### Data under study

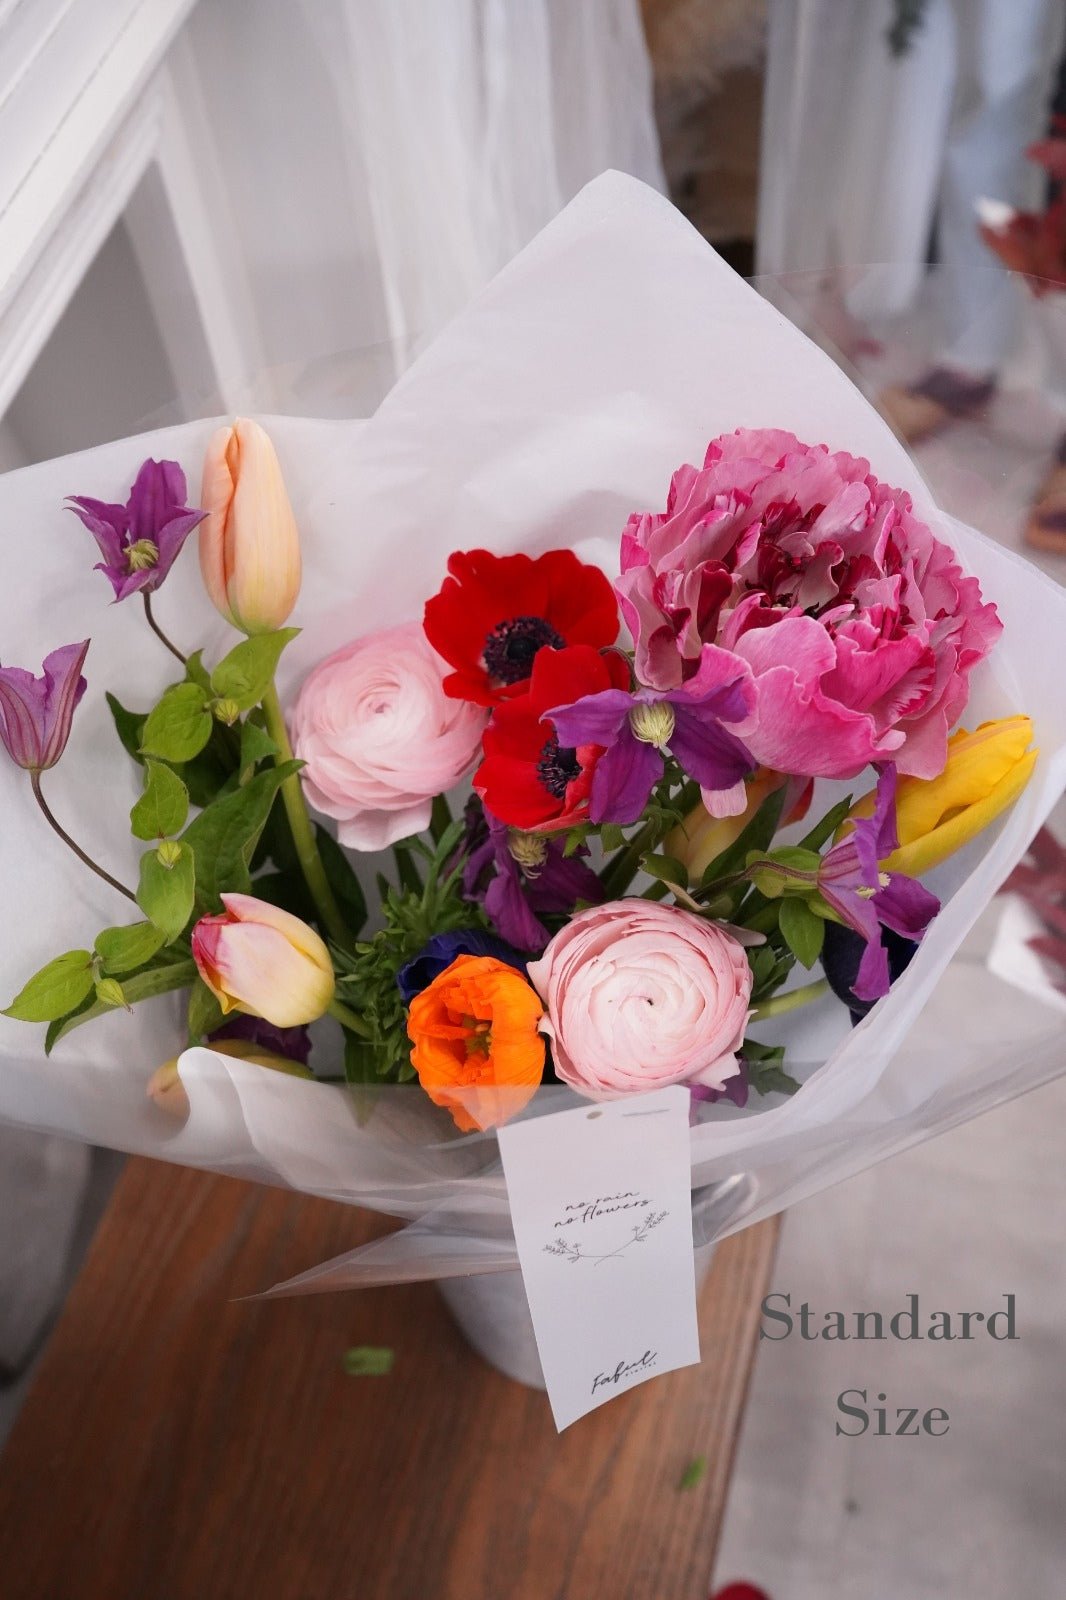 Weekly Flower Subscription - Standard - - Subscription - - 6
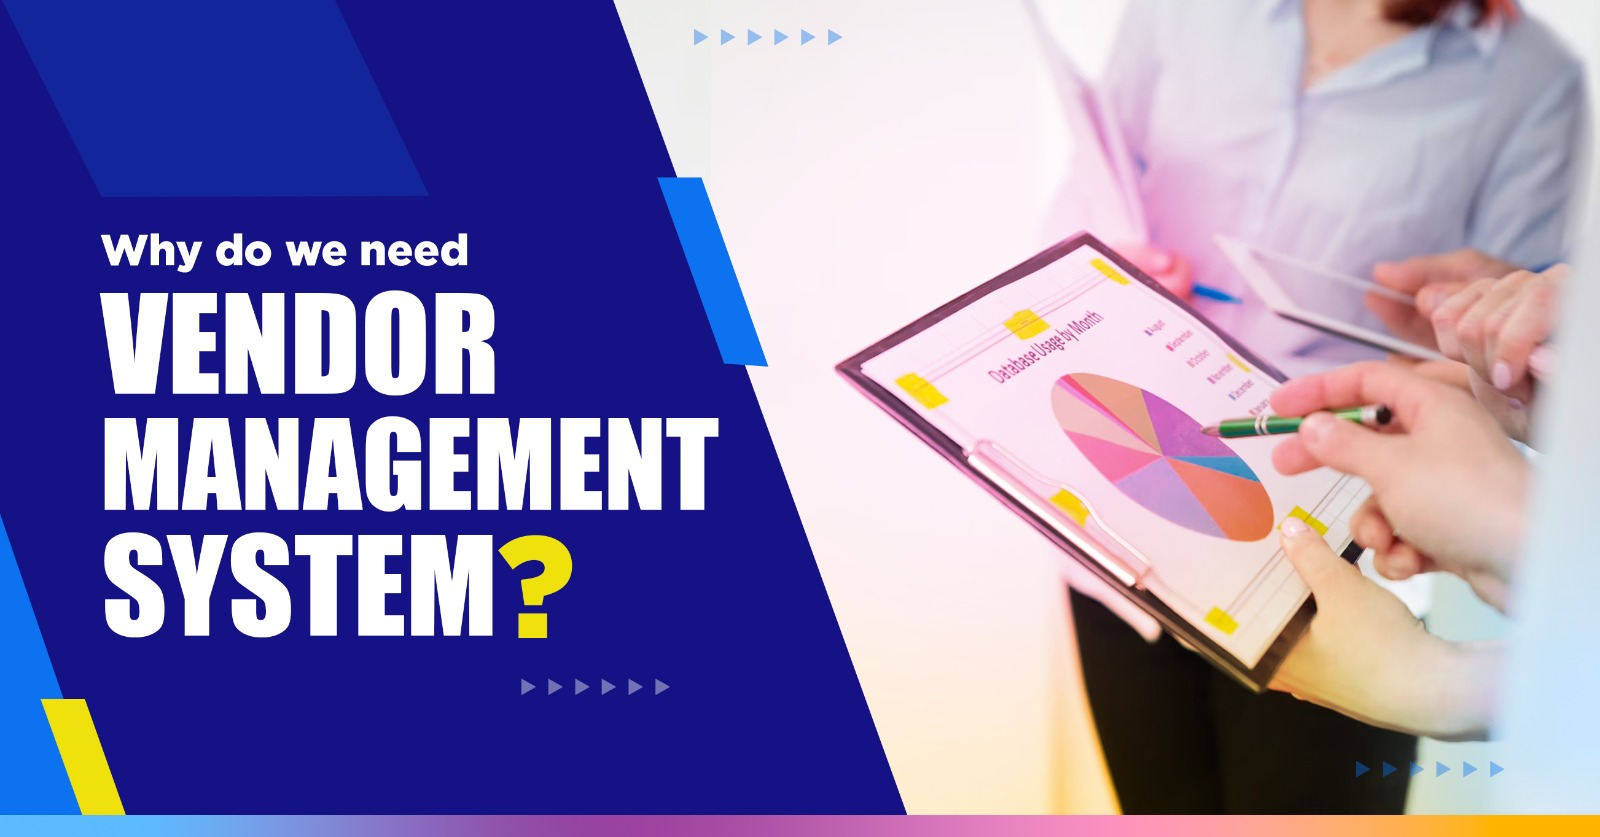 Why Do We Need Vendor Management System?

######
### Data under study

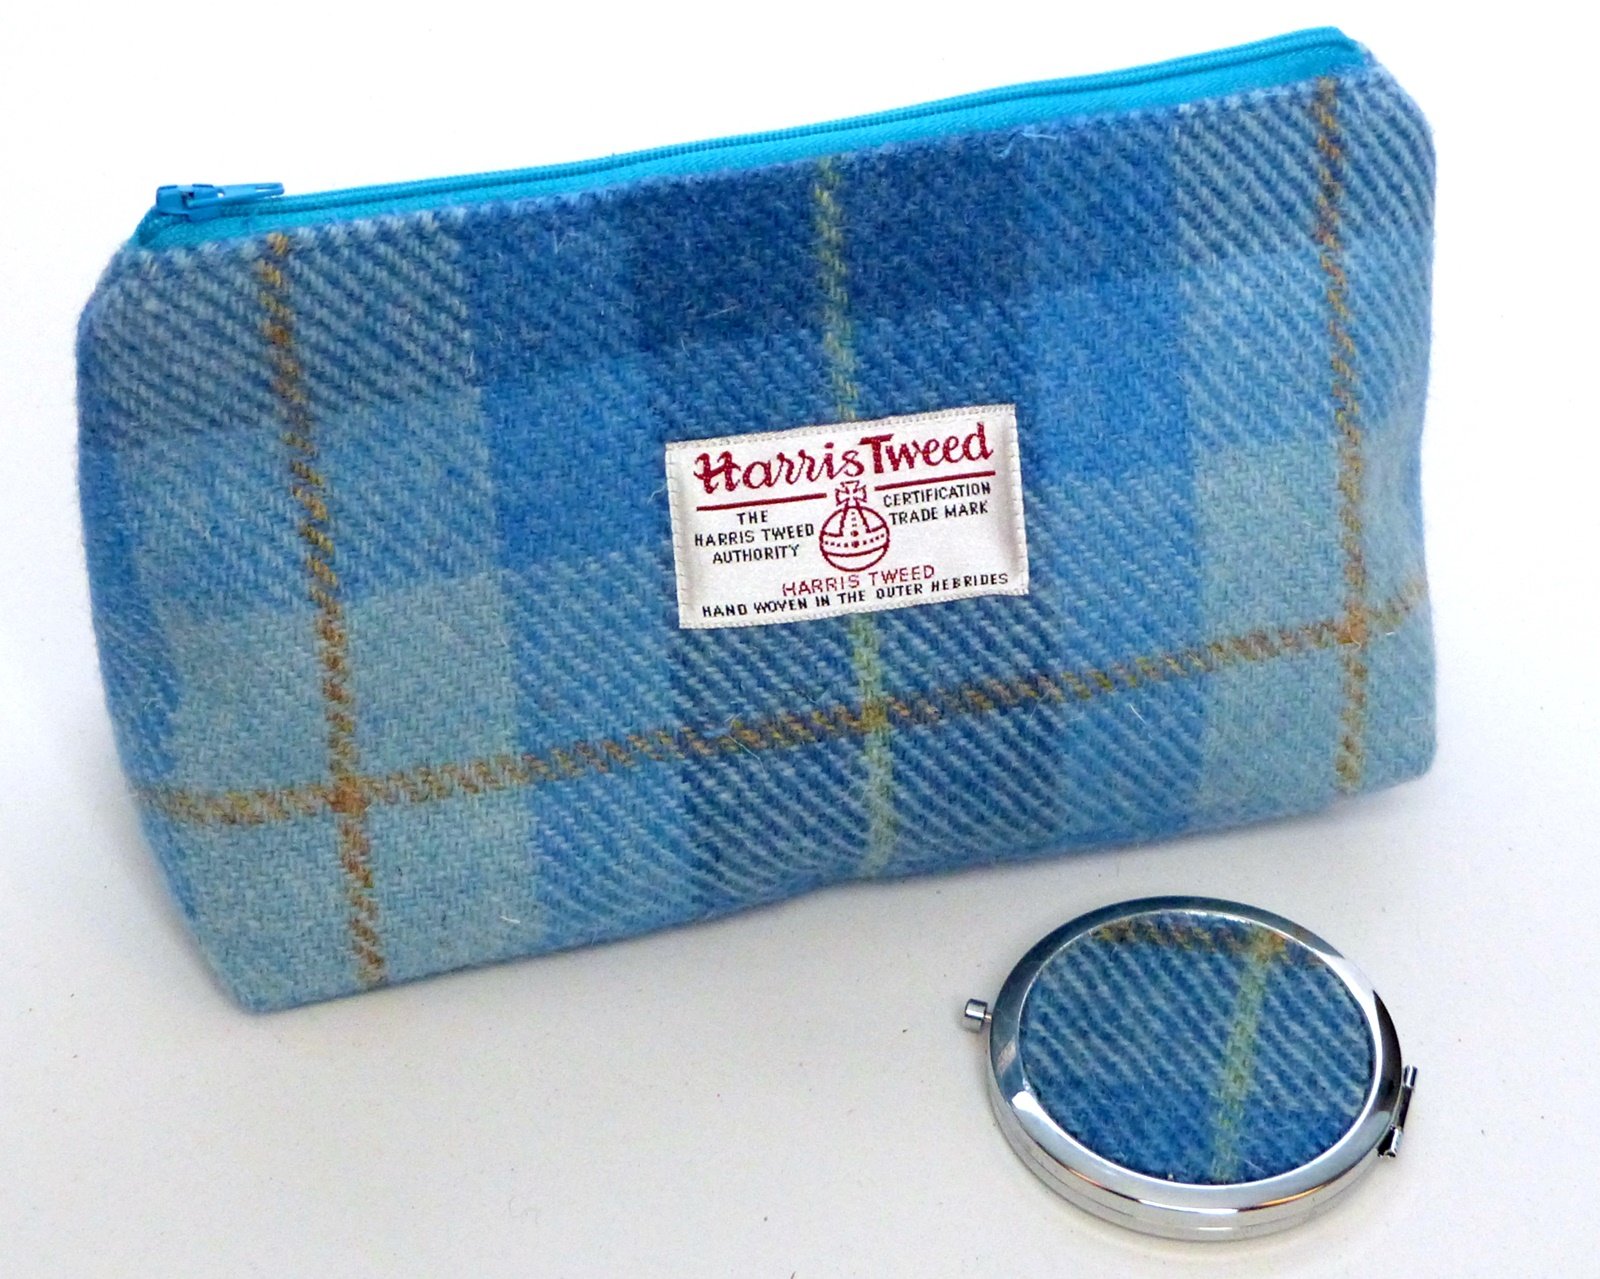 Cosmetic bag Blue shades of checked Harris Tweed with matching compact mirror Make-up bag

######
### Data under study

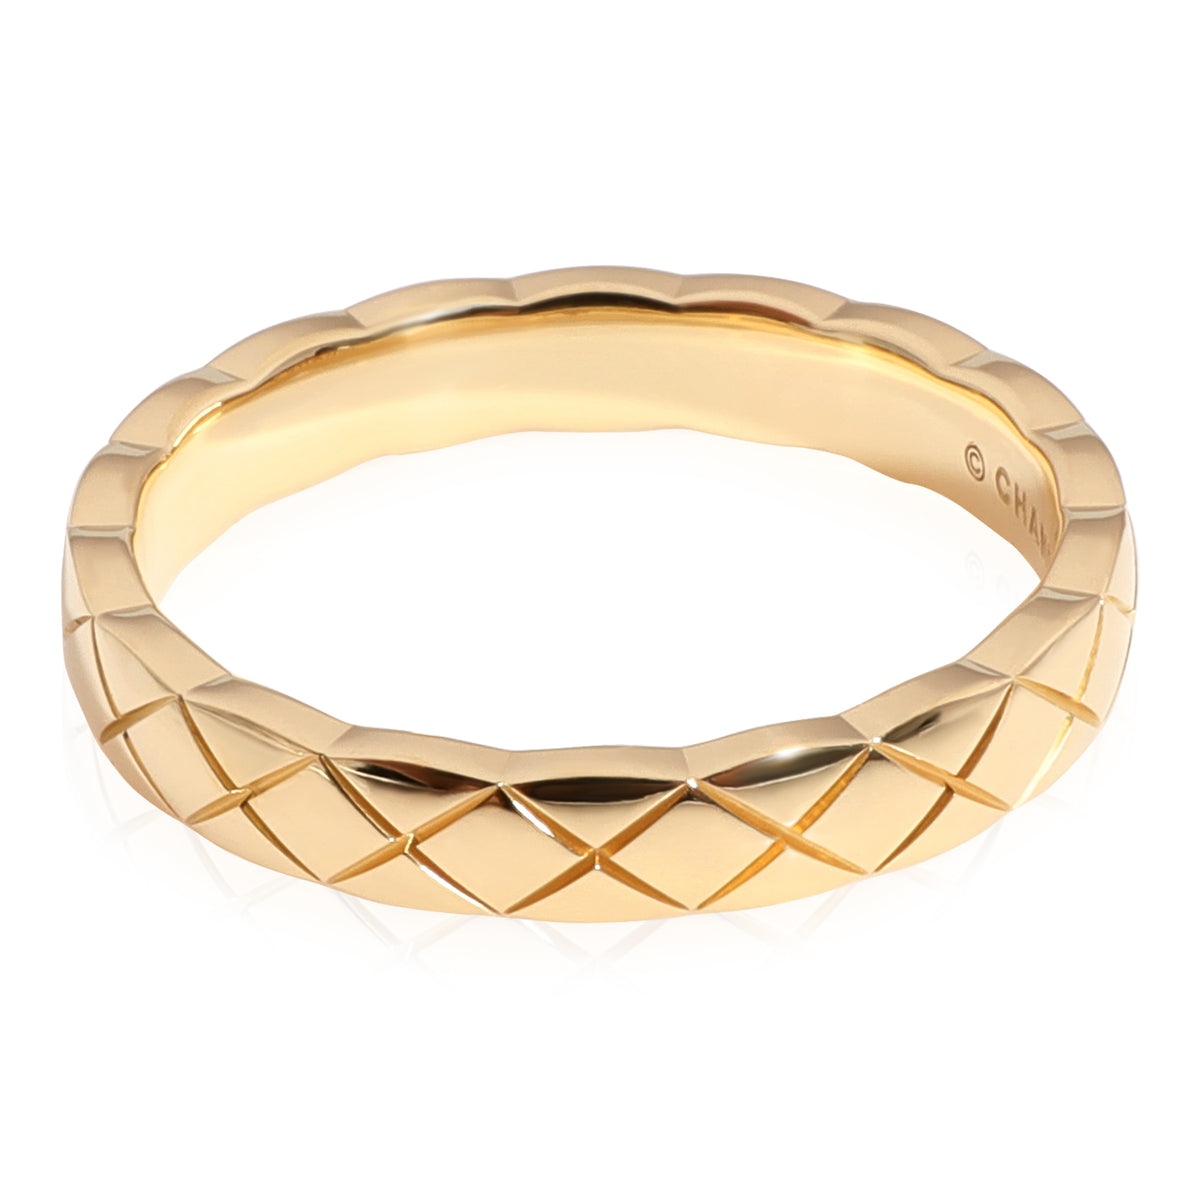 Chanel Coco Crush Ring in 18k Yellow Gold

######

:: Task ::
Output exactly the lines above, beginning at the one with "Weekly Flower Subscription" and stopping after the one with "Why Do We Need Vendor Management System?". Pictures are to be omitted.

:: Written response ::
 Weekly Flower Subscription - Standard - - Subscription - - 6
 Why Do We Need Vendor Management System?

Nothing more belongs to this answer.